I've been distant lately, not just from the blog but from so much of what it represents in terms of my connection to a spiritual practice, a physical practice, my health - all that beautiful stuff I started this blog to explore and blather on about.

Since last January, after the marathon led to my hamstring, my foot, then my hamstring again being injured, I've been slowly retreating further and further from running, yoga, and any other type of physical activity.  I didn't want to in the least, but I found I had to.  It's been very frustrating, and I've written a lot about it.  I started the amazing journey with my physical therapist back in late September to try to get me all fixed, and while I'm not 100%, I'm so much better.  I haven't done much running aside from some glorious barefoot 5-minutes-at-a-time sessions back in October and November - before the polar vortex came to stay - but those little sessions were amazing and so different from what I'd been used to and so hard.

I've missed the mood and energy boost from working out just as much as the physical effects, and I recently discovered yet another thing I missed about being active - the extra willpower.  I've always had an emotional and contentious relationship with food, and varying degrees of inactivity brought me back to that full swing.

Even after making big strides in physical therapy, I still almost never took a yoga class for myself in these past almost six months.  Either I was afraid of aggravating my hamstring further (after months of recklessly pushing myself last spring and early summer, I'm done taking chances) or just felt like I was too damn busy and the last thing I needed after a full day of teaching was to spend more time in downdog.

And yet.

I remember talking to a beautiful yoga teacher who is, sadly for me but wonderfully for her, moving to Colorado soon after getting married this weekend (which, if I may say, is a pretty awesome weekend to get married) awhile ago about this.  She mentioned that she was taking a class with a teacher we both loved later that day, after just having told me she'd already taught some ridiculously high number of classes already (kids and grown-ups).  When I asked how on earth she could possibly manage to do more yoga after all of that, she just responded very matter-of-factly that she needed to keep time for her own practice too.

That little exchange has come back to me every so often, and it's been a little bug in my ear more and more lately as I've emerged from a truly insane February and the city emerges from a truly brutal winter.

Yesterday, I practiced at Astoria's lovely Yoga Agora with my absolute best friend in the world first thing in the morning.  And just this evening, I practiced at one of my beautiful home studios, The Giving Tree Yoga Studio right down the street for a delicious 90 minute, half flow-half restorative class.

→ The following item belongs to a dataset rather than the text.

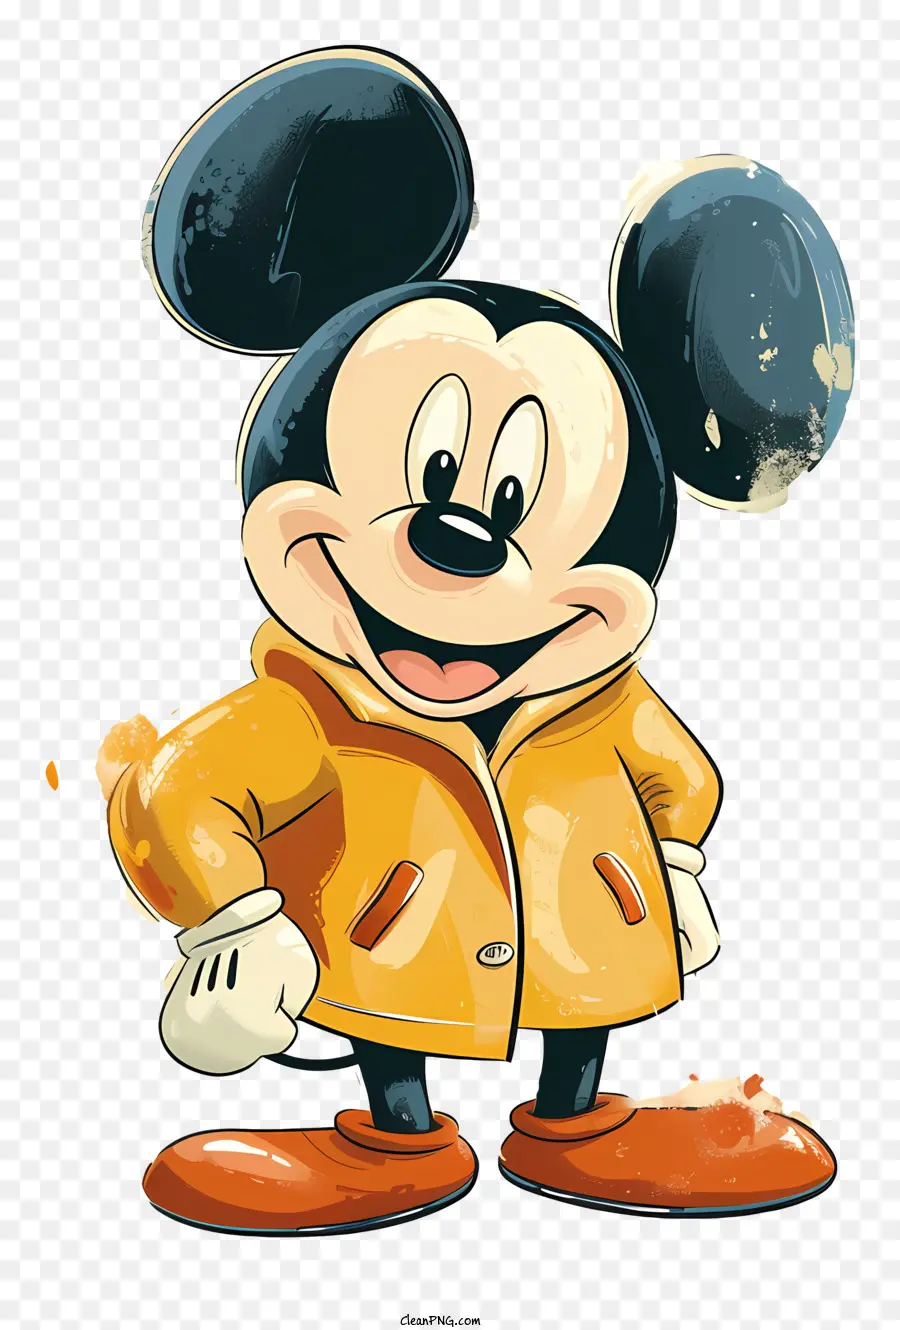 mickey Maus - Cartooncharakter in Orangenmantel mit Mikrofon

The amount of mental and emotional weight I can feel having melted out of myself is pretty amazing after just those two classes in two days.  Even today, after teaching 5 kids classes in the morning and one adult private in the evening, I am so happy I dragged myself back out into the wind from my warm apartment to take a class.  All of that plus the beautiful feeling of not being physically spent, exactly, but just knowing that I did work for myself.

When I'm teaching, I'm either playing or demonstrating.  I think I've forgotten what a massive difference there is between that and taking - even if I were to take a class of the exact same sequence that I may have taught.  It sounds obvious to be writing it out, but I never quite realized it.  When I'm practicing, it's my breath, I set my pace, I make modifications if I need to, I let myself be led and cared for by a teacher.  Not only that, I get inspired as a teacher to steal whatever wonderful things I'm doing or hearing to bring back to my students.  I can get stuck in ruts from time to time and I can't believe I forgot how necessary it is to shake things up.

So there we go.  I practiced, and I've revisited this neglected, dusty old blog.  Slowly but surely I'm getting back to a place where I'm carving out time for my physical practice, which always puts me on a road to being happier and saner.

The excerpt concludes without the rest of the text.